Just because a key decrypts the one-time pad ciphertext to readable English does not mean it is the correct key. However, if you use the same key for two different messages, now the hacker can know that if a key decrypts the first ciphertext to readable English, but that same key decrypts the second message to random garbage text, it must not be the original key. In fact, it is highly likely that there is only one key that will decrypt both messages to English.
If the hacker only had one of the two messages, then it is still perfectly encrypted. But, you must always assume that all of your encrypted messages are being intercepted by hackers and/or governments (otherwise, you wouldn’t need to bother encrypting your messages.) Remember Shannon’s Maxim: The enemy knows the system! This includes knowing the ciphertext.
To see why the two-time pad is hackable just like the Vigenère Cipher, let’s think about how the Vigenère cipher works when it encrypts a message that is longer than the key. Once we run out of characters in the key to encrypt with, we go back to the first character of the key and continue encrypting. So to encrypt a 20-character message like “AABBCCDDEEVVWWXXYYZZ” with a 10-character long key such as “PRECOCIOUS”, the first ten characters (AABBCCDDEE) are encrypted with “PRECOCIOUS” and then the next ten characters (VVWWXXYYZZ) are also encrypted with “PRECOCIOUS”.
Plaintext |
AABBCCDDEEVVWWXXYYZZ |
Vigenère Key |
PRECOCIOUSPRECOCIOUS |
Vigenère Ciphertext |
PRFDQELRYWKMAYLZGMTR |
We have already learned how to break Vigenère ciphers. If we can show that a two-time pad cipher is the same thing as a Vigenère cipher, then we can prove that it is breakable using the same techniques used to break Vigenère cipher.
Using the one-time pad cipher, let’s say the 10-character message “AABBCCDDEE” was encrypted with the one-time pad key “PRECOCIOUS”. Then the cryptographer makes the mistake of encrypting a second 10-character message “VVWWXXYYZZ” with the same one-time pad key, “PRECOCIOUS”.
|
Message 1 Message 2 |
Plaintext |
AABBCCDDEE VVWWXXYYZZ |
One-Time Pad Key |
PRECOCIOUS PRECOCIOUS |
One-Time Pad Ciphertext |
PRFDQELRYW KMAYLZGMTR |
If we compare the ciphertext of the Vigenère cipher and the ciphertexts of the one-time pad cipher, we can see they are the exact same. The two-time pad cipher has the same properties as the Vigenère cipher, which means that the same techniques could be used to hack it!

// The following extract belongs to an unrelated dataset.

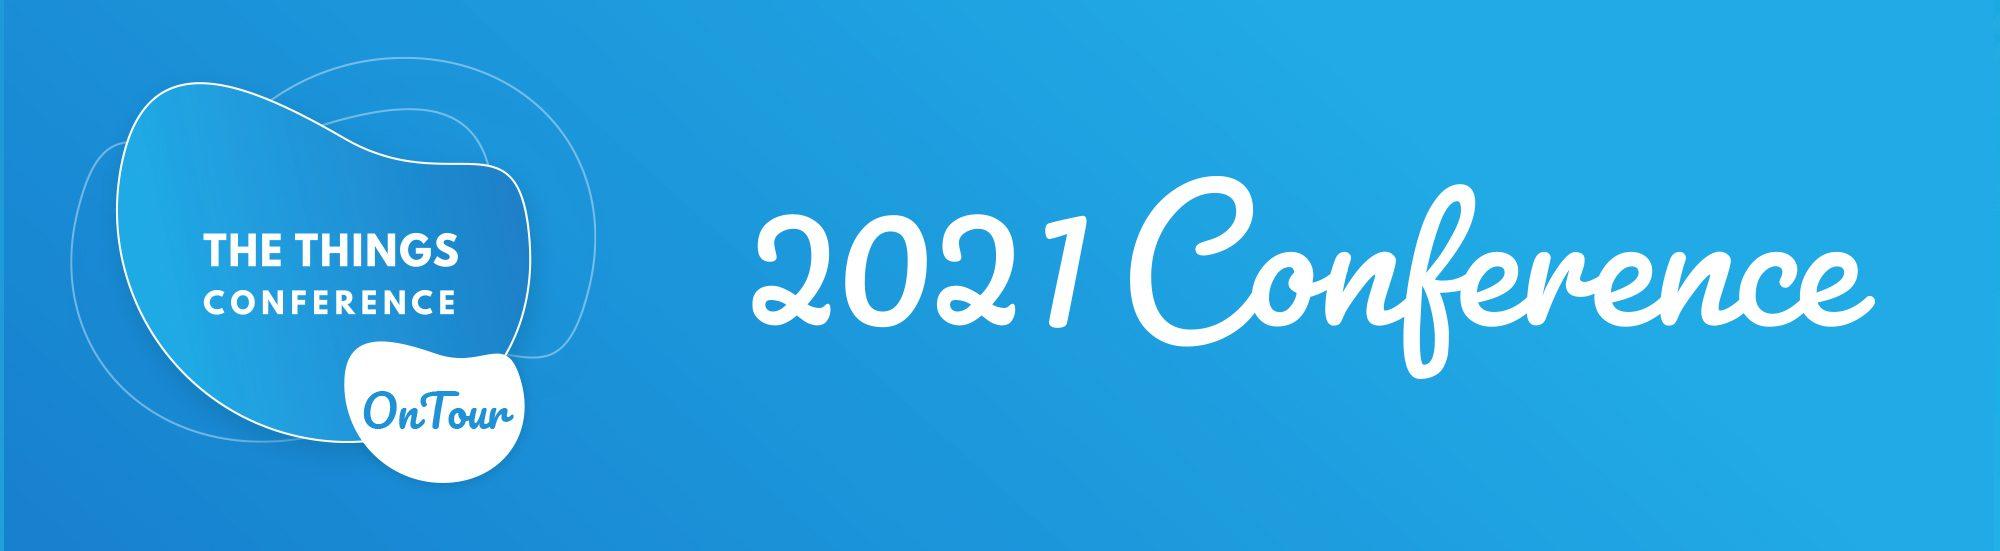 ttn_conference_2021_logo

This also tells us that if we do the Vigenère cipher but use a key that is as long as the message it is encrypting (and only use this key once for this message), then it will be perfectly unbreakable. This is why we don’t need to write a separate one-time pad cipher program. Our Vigenère cipher program already does it!
Practice exercises can be found at http://invpy.com/hackingpractice22A.
In short, a one-time pad is just the Vigenère cipher with a key that is the same length as the message and is only used once. As long as these two conditions are followed, it is literally impossible to break the one-time pad. However, it is so inconvenient to use the one-time pad that it is not generally used except for the most top-secret of secrets. Usually a large list of one-time pad keys are generated and shared in person, with the keys marked for specific dates. This way, if you receive a message from your collaborator on October 31st, you can just look through the list of one-time pads to find the one for that day. But be sure this list doesn’t fall into the wrong hands!